Produce the records again in full, exactly as shown below.

*** Opening Exercise materials ***

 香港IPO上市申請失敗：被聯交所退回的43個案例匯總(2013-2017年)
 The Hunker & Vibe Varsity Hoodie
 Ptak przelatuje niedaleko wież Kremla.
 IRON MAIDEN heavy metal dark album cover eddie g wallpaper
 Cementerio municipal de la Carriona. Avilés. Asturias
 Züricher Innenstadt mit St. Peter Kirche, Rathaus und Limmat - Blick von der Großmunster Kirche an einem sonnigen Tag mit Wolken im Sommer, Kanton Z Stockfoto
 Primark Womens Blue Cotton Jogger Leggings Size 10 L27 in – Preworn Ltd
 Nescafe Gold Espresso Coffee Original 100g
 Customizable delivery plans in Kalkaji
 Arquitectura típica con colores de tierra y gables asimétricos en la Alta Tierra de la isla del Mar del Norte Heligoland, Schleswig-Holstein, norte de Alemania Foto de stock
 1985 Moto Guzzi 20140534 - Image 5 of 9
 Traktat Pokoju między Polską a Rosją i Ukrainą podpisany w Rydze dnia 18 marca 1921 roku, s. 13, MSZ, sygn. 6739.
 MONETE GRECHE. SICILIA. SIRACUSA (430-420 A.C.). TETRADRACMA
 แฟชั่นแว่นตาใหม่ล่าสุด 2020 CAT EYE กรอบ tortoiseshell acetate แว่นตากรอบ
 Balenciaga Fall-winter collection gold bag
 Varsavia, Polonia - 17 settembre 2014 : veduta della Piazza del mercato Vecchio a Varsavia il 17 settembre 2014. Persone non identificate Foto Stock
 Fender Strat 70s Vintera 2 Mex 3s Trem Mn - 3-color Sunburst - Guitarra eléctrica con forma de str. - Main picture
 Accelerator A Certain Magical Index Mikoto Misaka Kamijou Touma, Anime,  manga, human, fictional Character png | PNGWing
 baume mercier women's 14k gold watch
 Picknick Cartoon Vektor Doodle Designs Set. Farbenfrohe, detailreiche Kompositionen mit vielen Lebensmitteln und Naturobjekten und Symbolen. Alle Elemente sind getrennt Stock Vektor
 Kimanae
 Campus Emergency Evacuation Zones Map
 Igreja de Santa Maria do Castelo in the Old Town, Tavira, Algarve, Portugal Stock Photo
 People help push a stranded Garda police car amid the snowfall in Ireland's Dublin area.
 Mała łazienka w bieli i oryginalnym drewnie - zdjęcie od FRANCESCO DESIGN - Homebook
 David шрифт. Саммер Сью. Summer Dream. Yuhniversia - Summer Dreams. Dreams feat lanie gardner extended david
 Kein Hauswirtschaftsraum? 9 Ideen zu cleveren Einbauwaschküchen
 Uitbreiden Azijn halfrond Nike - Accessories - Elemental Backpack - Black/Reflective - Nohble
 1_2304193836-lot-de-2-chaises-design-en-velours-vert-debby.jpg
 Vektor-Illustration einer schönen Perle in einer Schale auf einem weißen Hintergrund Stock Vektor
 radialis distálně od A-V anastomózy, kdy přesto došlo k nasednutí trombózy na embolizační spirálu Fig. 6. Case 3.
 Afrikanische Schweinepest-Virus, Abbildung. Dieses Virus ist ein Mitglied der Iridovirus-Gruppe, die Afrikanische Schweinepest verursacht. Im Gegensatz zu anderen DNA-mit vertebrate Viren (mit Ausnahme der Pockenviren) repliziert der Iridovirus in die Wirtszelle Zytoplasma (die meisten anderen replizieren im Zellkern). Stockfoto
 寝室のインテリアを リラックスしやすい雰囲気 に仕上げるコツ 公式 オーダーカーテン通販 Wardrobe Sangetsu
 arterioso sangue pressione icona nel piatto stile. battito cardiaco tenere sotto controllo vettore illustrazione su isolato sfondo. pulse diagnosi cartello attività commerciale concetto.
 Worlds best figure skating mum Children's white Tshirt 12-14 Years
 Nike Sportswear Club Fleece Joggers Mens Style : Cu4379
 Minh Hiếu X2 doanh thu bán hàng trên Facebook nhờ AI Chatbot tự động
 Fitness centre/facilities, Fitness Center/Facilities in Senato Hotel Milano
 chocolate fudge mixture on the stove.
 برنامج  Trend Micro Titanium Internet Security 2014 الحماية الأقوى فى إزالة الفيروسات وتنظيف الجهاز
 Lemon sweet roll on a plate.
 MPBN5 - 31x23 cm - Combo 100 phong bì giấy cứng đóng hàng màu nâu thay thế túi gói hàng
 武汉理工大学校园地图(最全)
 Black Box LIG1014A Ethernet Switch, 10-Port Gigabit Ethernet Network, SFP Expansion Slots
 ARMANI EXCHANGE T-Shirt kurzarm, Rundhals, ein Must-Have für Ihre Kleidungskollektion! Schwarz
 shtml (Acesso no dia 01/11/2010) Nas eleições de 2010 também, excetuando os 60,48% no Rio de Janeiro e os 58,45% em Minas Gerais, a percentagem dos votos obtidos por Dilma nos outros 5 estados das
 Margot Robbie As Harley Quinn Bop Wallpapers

*** Closing Exercise materials ***

**Reply to the task:**
 香港IPO上市申請失敗：被聯交所退回的43個案例匯總(2013-2017年)
 The Hunker & Vibe Varsity Hoodie
 Ptak przelatuje niedaleko wież Kremla.
 IRON MAIDEN heavy metal dark album cover eddie g wallpaper
 Cementerio municipal de la Carriona. Avilés. Asturias
 Züricher Innenstadt mit St. Peter Kirche, Rathaus und Limmat - Blick von der Großmunster Kirche an einem sonnigen Tag mit Wolken im Sommer, Kanton Z Stockfoto
 Primark Womens Blue Cotton Jogger Leggings Size 10 L27 in – Preworn Ltd
 Nescafe Gold Espresso Coffee Original 100g
 Customizable delivery plans in Kalkaji
 Arquitectura típica con colores de tierra y gables asimétricos en la Alta Tierra de la isla del Mar del Norte Heligoland, Schleswig-Holstein, norte de Alemania Foto de stock
 1985 Moto Guzzi 20140534 - Image 5 of 9
 Traktat Pokoju między Polską a Rosją i Ukrainą podpisany w Rydze dnia 18 marca 1921 roku, s. 13, MSZ, sygn. 6739.
 MONETE GRECHE. SICILIA. SIRACUSA (430-420 A.C.). TETRADRACMA
 แฟชั่นแว่นตาใหม่ล่าสุด 2020 CAT EYE กรอบ tortoiseshell acetate แว่นตากรอบ
 Balenciaga Fall-winter collection gold bag
 Varsavia, Polonia - 17 settembre 2014 : veduta della Piazza del mercato Vecchio a Varsavia il 17 settembre 2014. Persone non identificate Foto Stock
 Fender Strat 70s Vintera 2 Mex 3s Trem Mn - 3-color Sunburst - Guitarra eléctrica con forma de str. - Main picture
 Accelerator A Certain Magical Index Mikoto Misaka Kamijou Touma, Anime,  manga, human, fictional Character png | PNGWing
 baume mercier women's 14k gold watch
 Picknick Cartoon Vektor Doodle Designs Set. Farbenfrohe, detailreiche Kompositionen mit vielen Lebensmitteln und Naturobjekten und Symbolen. Alle Elemente sind getrennt Stock Vektor
 Kimanae
 Campus Emergency Evacuation Zones Map
 Igreja de Santa Maria do Castelo in the Old Town, Tavira, Algarve, Portugal Stock Photo
 People help push a stranded Garda police car amid the snowfall in Ireland's Dublin area.
 Mała łazienka w bieli i oryginalnym drewnie - zdjęcie od FRANCESCO DESIGN - Homebook
 David шрифт. Саммер Сью. Summer Dream. Yuhniversia - Summer Dreams. Dreams feat lanie gardner extended david
 Kein Hauswirtschaftsraum? 9 Ideen zu cleveren Einbauwaschküchen
 Uitbreiden Azijn halfrond Nike - Accessories - Elemental Backpack - Black/Reflective - Nohble
 1_2304193836-lot-de-2-chaises-design-en-velours-vert-debby.jpg
 Vektor-Illustration einer schönen Perle in einer Schale auf einem weißen Hintergrund Stock Vektor
 radialis distálně od A-V anastomózy, kdy přesto došlo k nasednutí trombózy na embolizační spirálu Fig. 6. Case 3.
 Afrikanische Schweinepest-Virus, Abbildung. Dieses Virus ist ein Mitglied der Iridovirus-Gruppe, die Afrikanische Schweinepest verursacht. Im Gegensatz zu anderen DNA-mit vertebrate Viren (mit Ausnahme der Pockenviren) repliziert der Iridovirus in die Wirtszelle Zytoplasma (die meisten anderen replizieren im Zellkern). Stockfoto
 寝室のインテリアを リラックスしやすい雰囲気 に仕上げるコツ 公式 オーダーカーテン通販 Wardrobe Sangetsu
 arterioso sangue pressione icona nel piatto stile. battito cardiaco tenere sotto controllo vettore illustrazione su isolato sfondo. pulse diagnosi cartello attività commerciale concetto.
 Worlds best figure skating mum Children's white Tshirt 12-14 Years
 Nike Sportswear Club Fleece Joggers Mens Style : Cu4379
 Minh Hiếu X2 doanh thu bán hàng trên Facebook nhờ AI Chatbot tự động
 Fitness centre/facilities, Fitness Center/Facilities in Senato Hotel Milano
 chocolate fudge mixture on the stove.
 برنامج  Trend Micro Titanium Internet Security 2014 الحماية الأقوى فى إزالة الفيروسات وتنظيف الجهاز
 Lemon sweet roll on a plate.
 MPBN5 - 31x23 cm - Combo 100 phong bì giấy cứng đóng hàng màu nâu thay thế túi gói hàng
 武汉理工大学校园地图(最全)
 Black Box LIG1014A Ethernet Switch, 10-Port Gigabit Ethernet Network, SFP Expansion Slots
 ARMANI EXCHANGE T-Shirt kurzarm, Rundhals, ein Must-Have für Ihre Kleidungskollektion! Schwarz
 shtml (Acesso no dia 01/11/2010) Nas eleições de 2010 também, excetuando os 60,48% no Rio de Janeiro e os 58,45% em Minas Gerais, a percentagem dos votos obtidos por Dilma nos outros 5 estados das
 Margot Robbie As Harley Quinn Bop Wallpapers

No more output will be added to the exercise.